Originally posted by @Jay Hinrichs :

@Mark Shaffar

  Dawns sharing her success for sure then her partner in CA doing a  POD cast and the next thing you know you spawned a new Turn key market there in Milwaukee.. so its good for the city ,,, contractors and others.. just puts pressure were very little existed with the local investors before it became popular.  I have been funding TK since 2001 and the first I heard of any serious interest in Milwaukee was last year when I joined BP

Ha ha ... funny to think of Mehran and I spurring the housing economy of an entire city all by ourselves ...  :)

Originally posted by @Jay Hinrichs :

@Gaurav Mohile

  yes its subjective If I think back on what where some of my best buys 3 and 4 years ago.

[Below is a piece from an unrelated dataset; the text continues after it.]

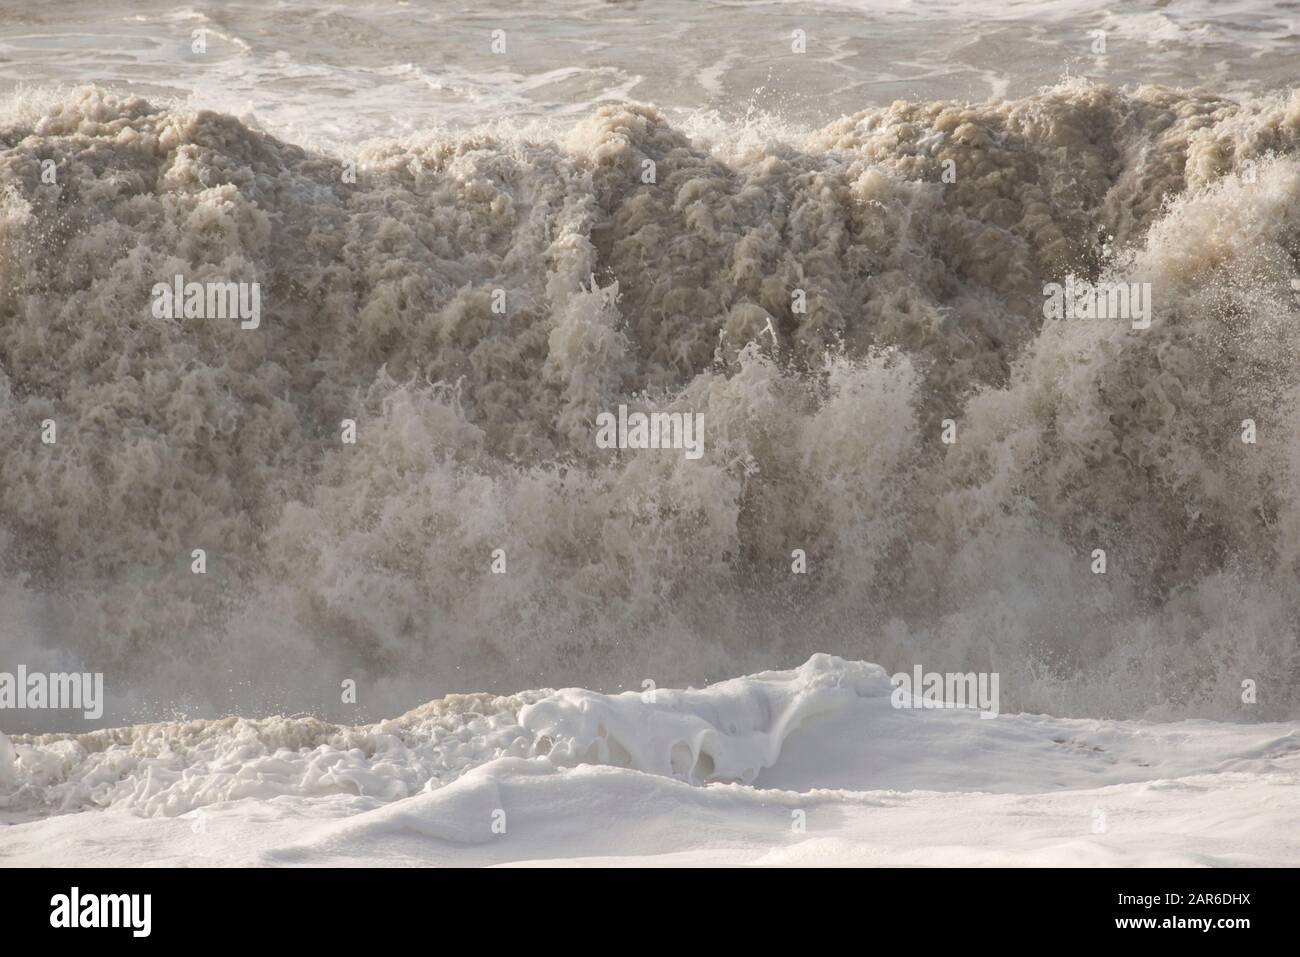 Onde alte, infrangono da una tempesta della Manica con sabbia da spiaggia montata che erode la costa su Hive Beach, Dorset, gennaio Foto Stock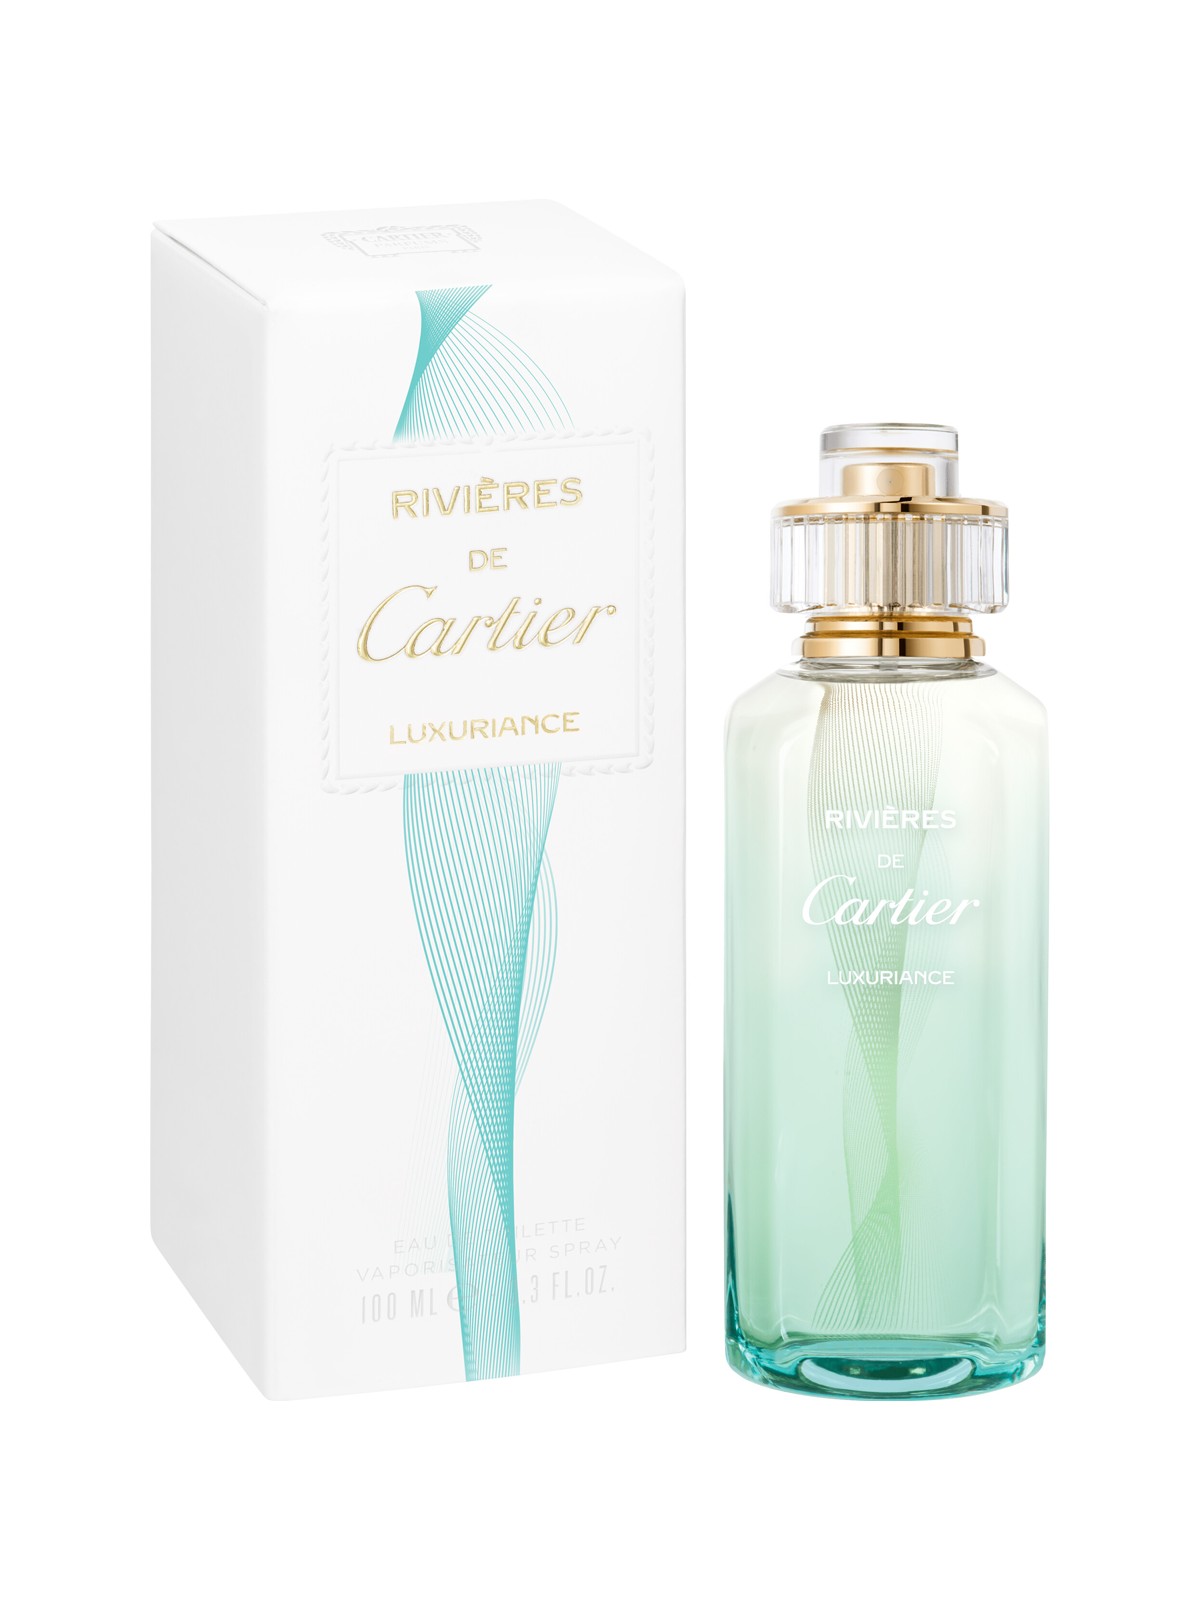 Cartier Rivieres De Cartier Luxuriance - EDT 100 ml

1. buying homes in ft. Meyers at auction for 20 to 30k each that were less than 10 years old and had sold north of 200k...

2. buying Atlanta metro homes from 30 to 45k  that were selling pre crash for 120 to 150k

3. a few land plays here in Oregon,,,

Missed opps

1. Buying every lot I could get my hands on in Atlanta.. there were thousands that could be bough for 1k each

2. buying lots in Central CA for 4 to 10k each.

New norm who knows but RE does cycle.. one thing I am fairly confident of is there will not be a huge crash like 08 to 2011... circumstances are not the same. .. Slow downs  for sure. and in some markets that are heavy to rentals you will always get deals from the burnt out landlord... I just funded 3 today that the company paid 50% less than a landlord paid for them 4 years ago... and that's just an example there is a plethoria of that inventory and there always will be.

 I agree that there wont be  huge crash like 08 to 11 for a long time. Like you said it'll probably go sideways for a while, except for maybe SoCal and Bay area.